The Phnom Penh Post

US state set for first fentanyl execution

-

NEBRASKA was scheduled on Tuesday to carry out America’s first execution employing the opioid fentanyl as part of a four-drug combinatio­n that has never before been used.

The powerful synthetic painkiller – a key cause of death in America’s opioid and heroin abuse epidemic – was to be the second injection administer­ed to Carey Dean Moore, sentenced to death for two 1979 murders.

Moore is not contesting his execution, the state’s first in 21 years. But a last-minute legal challenge filed on his behalf could still cause a delay.

Underscori­ng the difficulty states across the country have had in obtaining previously employed execution drugs, three of the four intravenou­s medication­s Nebraska is scheduled to use have never before been used for lethal injections.

It is a pivotal test for the state, which last performed an execution in 1997 by electric chair.

The American Civil Liberties Union on Monday asked the state’s highest court to delay Moore’s execution, according to the Omaha World-Herald newspaper.

The civil rights group claimed Moore’s death sentence had been automatica­lly commuted to a life sentence in 2015, when the Nebraska state legislatur­e abolished the death penalty, the newspaper reported.

Four-drug mixture

Nebraska voters reinstated capital punishment by referendum in the November 2016 election.

Moore has been on death row for 38 years and has said he does not want further delays.

While in his early 20s he was sentenced to death in 1980 for the killings of two Omaha taxi drivers five days apart.

Nebraska’s four-drug lethal injection mix consists of the sedative diazepam to render unconsciou­sness, the painkiller fentanyl citrate, the muscle relaxer cisatracur­ium to stop an inmate’s breathing, and, finally, potassium chloride to stop the heart. Only potassium chloride has been used before in executions.

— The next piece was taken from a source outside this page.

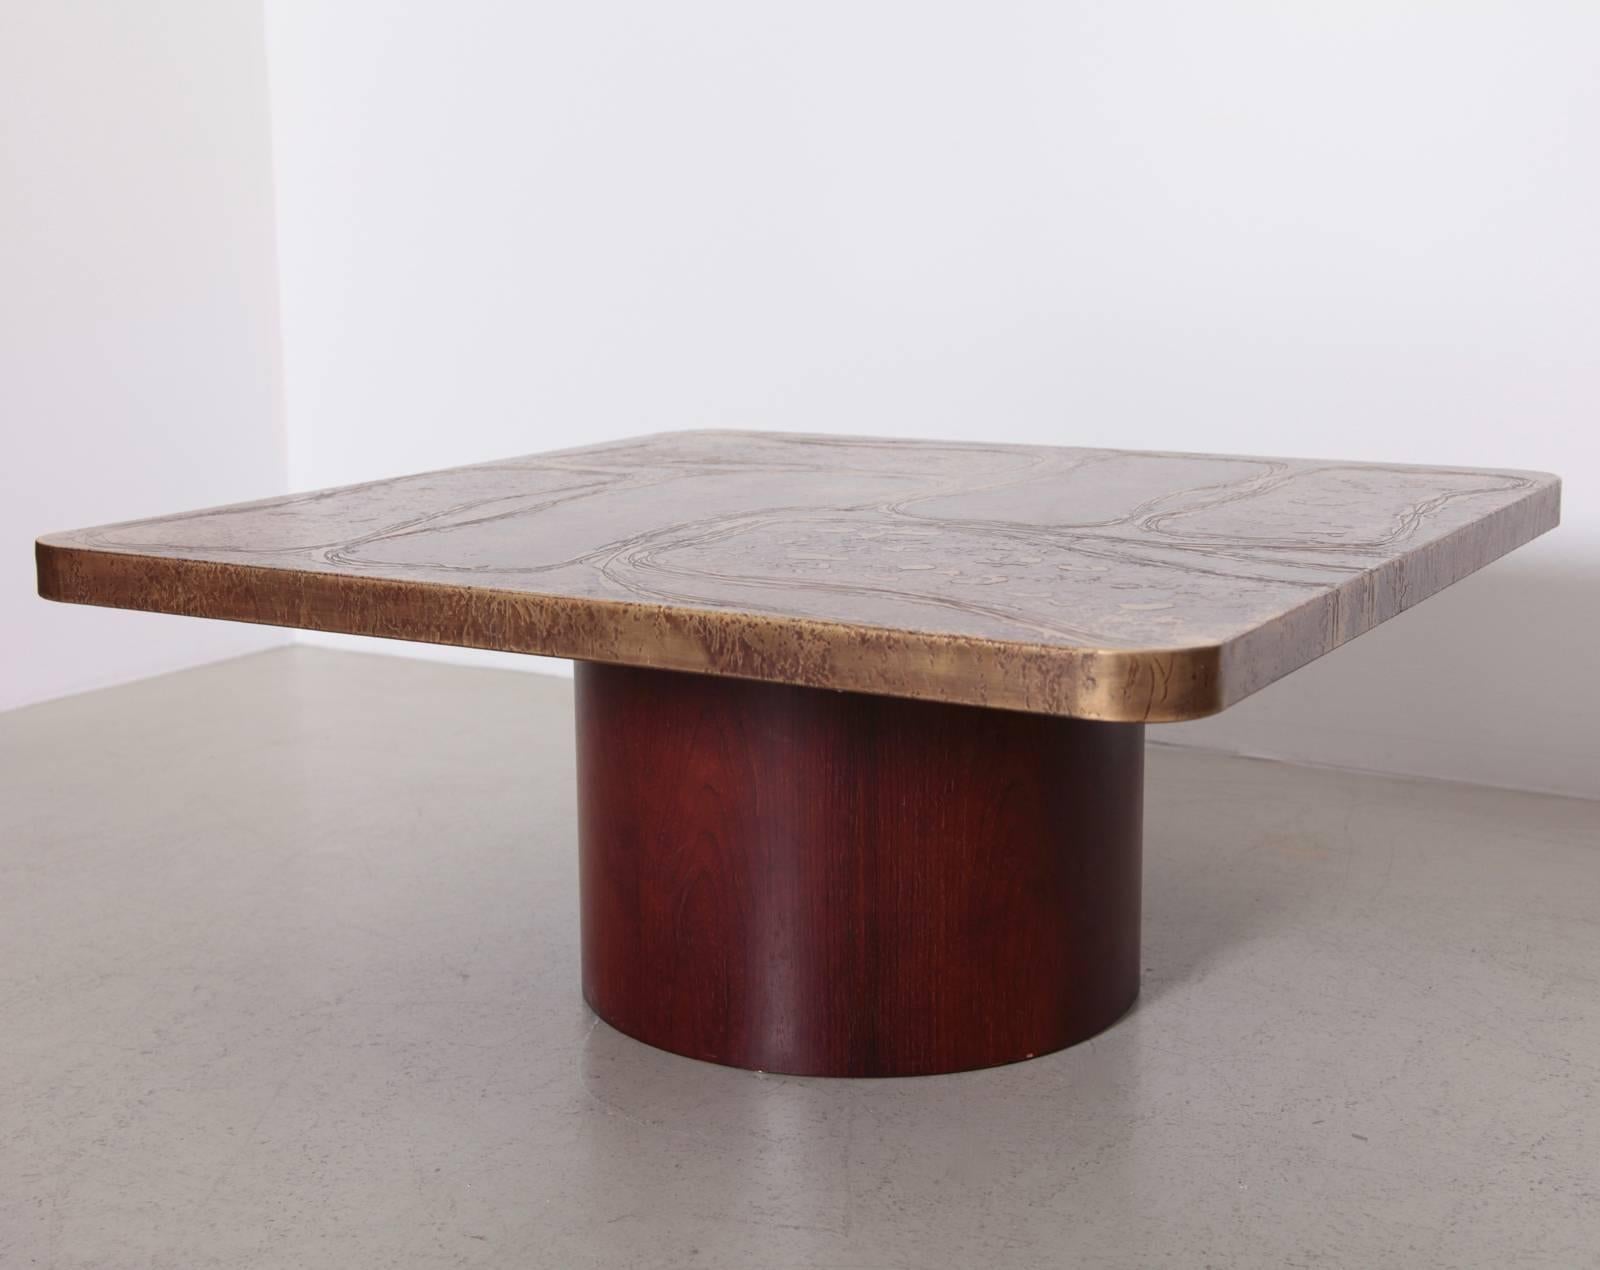 Très rare table basse avec un plateau en laiton gravé sur un support en bois  base en contreplaqué du designer allemand Heinz Lilienthal. La table est en excellent état.

Drug manufactur­ers and providers have been increasing­ly hostile to selling to states in order to prevent their medication­s from being used for executions.

States across the country have had to scramble to find the drugs they need, with varying degrees of success, or to find alternativ­e drugs and establish new protocols.

Fentanyl killed more than 20,000 people in the US in 2016. It is 50 times more powerful than heroin and up to 100 times stronger than morphine.